Joe Texas leaned across the bar. His skin was so dark that in the shadows, it looked like it had been removed from a tannery and kneaded and softened and fitted on his bones; his eyes stared out of the sockets like those of a man living inside a costume. “You don’t have a clue about what you’re dealing with,” he said. “You want to end up a bump out there in the desert? Just keep fucking with the wrong people. You’ll wish you were still drunk and humping underage Mexican whores, Sheriff. Y’all aren’t the only people with access to security files. Get a warrant. In the meantime, I’m D-D-D. That stands for ‘deaf, dumb, and don’t know.’”

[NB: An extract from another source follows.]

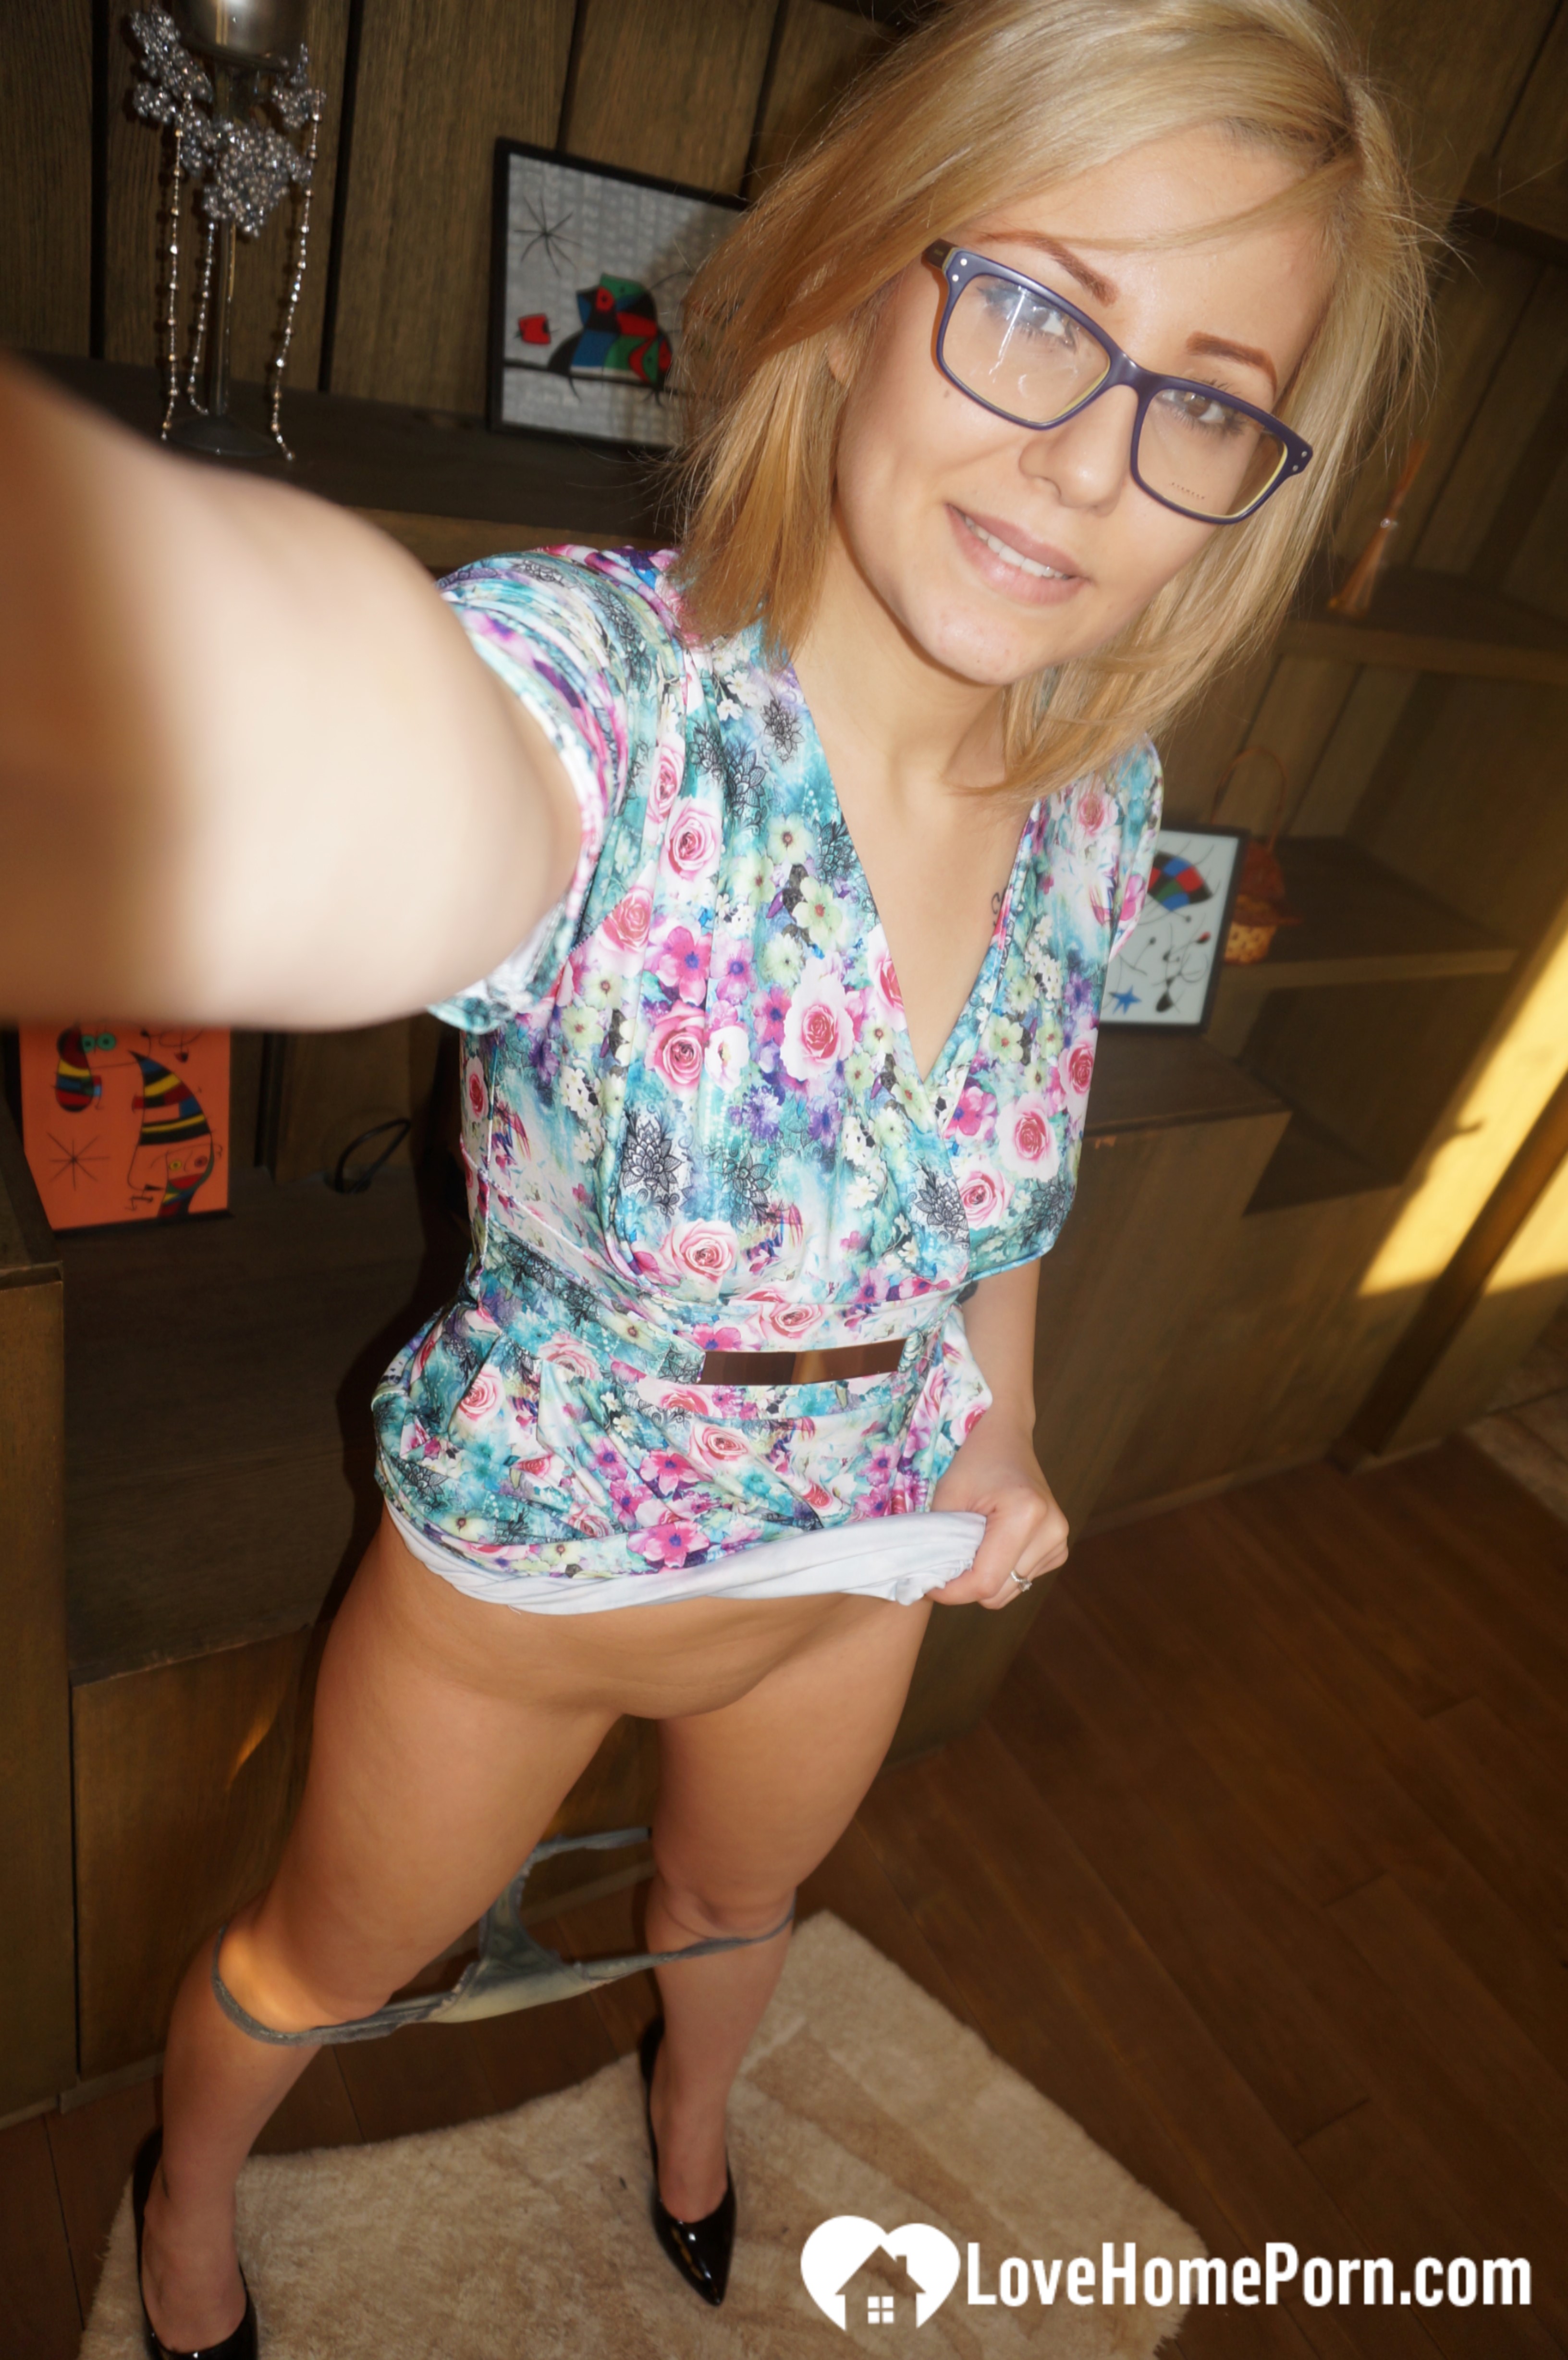 Amateur blonde with glasses exposes her naughty side

That night Hackberry went out to his barn and clicked on the interior lights. The row of bulbs on the ceiling glowed with a chemical-like iridescence inside the humidity. Bales of green hay bound with red twine were scattered on the concrete pad that extended between the stalls located on either side of the building, and a speed bag and an Everlast rebound board were mounted on the back wall of the rear stall. Hackberry’s barn was not a bad refuge from the cares of the world. He began hitting the bag with a rotating motion, landing each blow on the heel of his fist, thudding the bag up into the circular rebound board before it could swing full-out on its cable, increasing his velocity until the bag became a blur, the rhythm as steady and loud as a drumroll.

But he could not clean Joe Tex’s words out of his head. Hackberry had made no secret of his life as a drunk and an adulterer and a frequenter of brothels in northern Mexico. The age of the prostitutes had seemed insignificant at the time, as callous as that sounded. In daylight he would not have recognized most of them. Sometimes he went into a blackout, and when he woke sick and hungover in the morning, the only knowledge he had of the previous night came from his empty wallet and the mileage on his odometer. He suspected that the women or teenage girls who touched his body had done so with indifference if not with revulsion. The odium was his, not theirs. The man with a sprawling ranch and a Navy Cross and a Purple Heart hidden away in a seabag, the man who drove a Cadillac with fins and who had a law degree from Baylor, was the sybaritic visitor to a row of shanties built along an open sewage canal. Shame and dishonor were his flags, and self-loathing was his constant companion. His presence or his absence in the life of these girls or women was as significant as a hangnail they might clip off and drop outside into a waste bucket.

Even knowing these things, he had repeated the same behavior over and over and hadn’t bothered to question himself about a form of immorality that went far beyond his unfaithfulness to Verisa, who’d had at least two affairs that he knew of, one with a banker in Victoria and one with an airline pilot who’d flown an F-86 in Korea. In Hackberry’s mind, his greater sin was his sexual exploitation of girls and women who had no choice in the world. There was no way to excuse or rationalize his callousness toward the deprivation and sadness that constituted their lives. The fact that his behavior was documented in a security file was of no concern to him. The fact that a man like Joe Tex could have access to it and taunt him with it was.

He hit the bag one last time with the back of his fist and walked to the front of the barn and flicked on the outside flood lamp. His two foxtrotters were watching him from the far side of their water tank. “What are you guys up to?” he said.